4. Способ по п.1, характеризующийся тем, что разделение рестрицированной ДНК в агарозном геле методом электрофореза проводится следующим образом:

подготавливается агарозный гель в 0,5Х TB буфере с добавлением DTT до 10 mM;

после обработки эндонуклеазами рестрикции агарозные блоки загружаются в лунки агарозного геля;

в свободные лунки загружается маркер молекулярного веса; горизонтальный пульс-электрофорез проводят в 0,5Х TB буфере с добавлением DTT до 10 mM при температуре буфера +5°С, при постоянной пульсации с временем пульса 0,5 с, в течение 3,5 часов.

5. Способ по п.1, характеризующийся тем, что окраска агарозного геля проводится следующим образом:

после горизонтального пульс-электрофореза агарозный гель окрашивается в электрофорезном буфере бромистым этидием с конечной концентрацией 0,5 мкг/мл в течение 5 минут;

на следующем этапе агарозный гель отмывается в дистиллированной воде 3 раза по 20 минут.

6. Способ по п.1, характеризующийся тем, что фрагментирование агарозного геля проводится следующим образом:

отмытый гель фотографируется с помощью гель-документирующей системы;

дорожки геля фрагментируются вручную соответственно маркеру молекулярного веса, и каждый фрагмент помещается в отдельную пробирку; также в отдельную пробирку помещается гель из зоны вне дорожек для контроля общей контаминации агарозного геля молекулами ДНК.

7. Способ по п.1, характеризующийся тем, что количественная ПЦР с фрагментами геля в качестве матрицы проводится следующим образом:

фрагменты геля плавятся при 95°С в течение 10 минут;

10 мкл раствора фрагментов расплавленного геля разводятся в 10 раз водой; полученный раствор используется для постановки количественной ПЦР;

для количественной ПЦР используются пара праймеров: прямой 5`-GTGCTTGCGCCACCCACGT-3` и обратный 5’-GCCGCGCGGAGGCGGAG-3` и «TaqMan» зонд 5’-FAM AGTCCGTGGTGGGGCTGGGG BHQ1-3`, специфичные к повторам D4Z4 хромосомы 4;

в качестве контролей используются разведенный в 10 раз гель из зоны вне дорожек с добавлением и без геномной ДНК; положительный контроль с добавлением геномной ДНК; отрицательный контроль с добавлением воды для ПЦР.
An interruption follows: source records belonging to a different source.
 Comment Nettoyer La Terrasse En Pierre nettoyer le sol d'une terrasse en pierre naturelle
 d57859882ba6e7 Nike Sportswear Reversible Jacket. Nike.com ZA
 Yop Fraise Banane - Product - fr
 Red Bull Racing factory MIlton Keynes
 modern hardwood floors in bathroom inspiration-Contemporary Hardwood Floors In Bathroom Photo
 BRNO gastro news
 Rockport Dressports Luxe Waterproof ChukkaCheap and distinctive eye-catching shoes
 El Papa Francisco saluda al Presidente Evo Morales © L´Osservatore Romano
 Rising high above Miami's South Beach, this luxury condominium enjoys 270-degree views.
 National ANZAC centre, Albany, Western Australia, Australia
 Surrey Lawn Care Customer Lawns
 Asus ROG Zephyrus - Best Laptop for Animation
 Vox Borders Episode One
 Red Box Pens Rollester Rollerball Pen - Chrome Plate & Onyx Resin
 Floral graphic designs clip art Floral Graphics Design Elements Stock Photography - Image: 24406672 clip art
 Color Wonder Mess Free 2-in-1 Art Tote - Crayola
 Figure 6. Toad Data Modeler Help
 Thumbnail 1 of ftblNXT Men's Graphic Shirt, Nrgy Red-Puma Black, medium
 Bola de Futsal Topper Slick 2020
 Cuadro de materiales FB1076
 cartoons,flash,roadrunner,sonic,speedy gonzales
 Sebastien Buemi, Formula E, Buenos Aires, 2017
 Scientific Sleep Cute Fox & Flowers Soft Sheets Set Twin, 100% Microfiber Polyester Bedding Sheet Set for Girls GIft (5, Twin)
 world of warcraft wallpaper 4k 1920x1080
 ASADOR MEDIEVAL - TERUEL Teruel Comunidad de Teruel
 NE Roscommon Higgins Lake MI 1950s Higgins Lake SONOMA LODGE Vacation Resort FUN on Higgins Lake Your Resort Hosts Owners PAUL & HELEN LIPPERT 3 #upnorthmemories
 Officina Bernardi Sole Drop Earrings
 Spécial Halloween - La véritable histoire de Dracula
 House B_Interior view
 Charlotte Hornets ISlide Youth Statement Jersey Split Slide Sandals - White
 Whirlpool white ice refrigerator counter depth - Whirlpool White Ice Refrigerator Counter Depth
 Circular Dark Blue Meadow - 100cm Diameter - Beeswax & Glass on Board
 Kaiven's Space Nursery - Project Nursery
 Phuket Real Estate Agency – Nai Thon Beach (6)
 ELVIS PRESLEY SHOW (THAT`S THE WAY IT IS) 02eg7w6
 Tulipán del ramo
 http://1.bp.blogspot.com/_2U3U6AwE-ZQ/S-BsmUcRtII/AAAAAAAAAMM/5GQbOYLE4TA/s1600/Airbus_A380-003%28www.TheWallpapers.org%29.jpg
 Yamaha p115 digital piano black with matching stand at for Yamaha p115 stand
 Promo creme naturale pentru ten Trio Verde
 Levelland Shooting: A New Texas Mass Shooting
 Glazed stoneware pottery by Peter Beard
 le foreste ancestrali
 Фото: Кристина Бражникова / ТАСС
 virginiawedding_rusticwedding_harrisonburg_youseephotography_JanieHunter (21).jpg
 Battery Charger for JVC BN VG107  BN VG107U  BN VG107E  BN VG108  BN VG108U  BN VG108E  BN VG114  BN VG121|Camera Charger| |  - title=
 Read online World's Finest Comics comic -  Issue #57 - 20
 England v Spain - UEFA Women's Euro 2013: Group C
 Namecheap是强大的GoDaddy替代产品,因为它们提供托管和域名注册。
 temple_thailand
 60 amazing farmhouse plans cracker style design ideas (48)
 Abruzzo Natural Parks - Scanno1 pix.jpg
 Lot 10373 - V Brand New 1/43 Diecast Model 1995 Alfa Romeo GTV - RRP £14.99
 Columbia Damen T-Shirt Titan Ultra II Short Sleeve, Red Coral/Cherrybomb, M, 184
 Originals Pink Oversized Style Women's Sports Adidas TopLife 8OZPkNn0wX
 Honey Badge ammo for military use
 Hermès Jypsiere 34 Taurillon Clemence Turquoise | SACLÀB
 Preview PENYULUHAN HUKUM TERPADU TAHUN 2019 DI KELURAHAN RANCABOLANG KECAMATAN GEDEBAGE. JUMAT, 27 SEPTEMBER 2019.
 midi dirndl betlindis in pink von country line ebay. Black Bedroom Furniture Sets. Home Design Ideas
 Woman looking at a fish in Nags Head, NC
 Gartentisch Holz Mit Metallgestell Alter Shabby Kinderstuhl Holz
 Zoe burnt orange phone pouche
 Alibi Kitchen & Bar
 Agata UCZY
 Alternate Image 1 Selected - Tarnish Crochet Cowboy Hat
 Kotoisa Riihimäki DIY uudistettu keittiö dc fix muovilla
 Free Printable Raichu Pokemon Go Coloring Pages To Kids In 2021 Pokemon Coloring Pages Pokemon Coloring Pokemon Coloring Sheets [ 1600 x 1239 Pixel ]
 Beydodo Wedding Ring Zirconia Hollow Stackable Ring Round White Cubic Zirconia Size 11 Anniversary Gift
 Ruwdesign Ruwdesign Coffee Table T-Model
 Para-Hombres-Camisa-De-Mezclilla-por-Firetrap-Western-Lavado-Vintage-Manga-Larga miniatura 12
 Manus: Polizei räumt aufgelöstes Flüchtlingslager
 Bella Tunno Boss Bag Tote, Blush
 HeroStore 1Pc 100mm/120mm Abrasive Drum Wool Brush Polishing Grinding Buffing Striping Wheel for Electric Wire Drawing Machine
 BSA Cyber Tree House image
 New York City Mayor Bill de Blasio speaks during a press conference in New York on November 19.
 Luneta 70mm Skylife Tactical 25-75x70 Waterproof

8. Способ по п.1, характеризующийся тем, что анализ данных количественной ПЦР с фрагментами геля в качестве матрицы проводится следующим образом:

полученные средние значения пороговых циклов каждого фрагмента геля обрабатываются в программе Microsoft Excel; обсчет данных ПЦР осуществляется методом 2^-ΔΔCt,

при расчетах вычисляется разница между двумя типами фрагментов геля: фрагменты вне зоны дорожек и фрагменты дорожки геля; внутренним контролем служит агарозный гель из зоны вне дорожек, т.к. он отражает контаминированность агарозного геля таргетными молекулами, таким образом, изменения в типе образцов вне зоны дорожек геля сводится к нулю, в результате уравнение для обсчета данных сводится к виду: N(i)=2 - (Ct(i) - Ct(g)), где N(i) - относительное значение концентрации последовательностей D4Z4 в исследуемом фрагменте геля; Ct(g) - среднее значение порогового цикла в образце контрольного геля «G-»; Ct(i) - среднее значение порогового цикла в исследуемом фрагменте геля, по полученным данным строится гистограмма;

фрагменты геля с максимальными значениями относительной концентрации таргетных молекул указывают на наличие в них таргетных аллелей, сопоставив положение данных фрагментов геля относительно маркера молекулярного веса, делается вывод о количестве макросателлитных повторов D4Z4 хромосомы 4 в обнаруженных аллелях.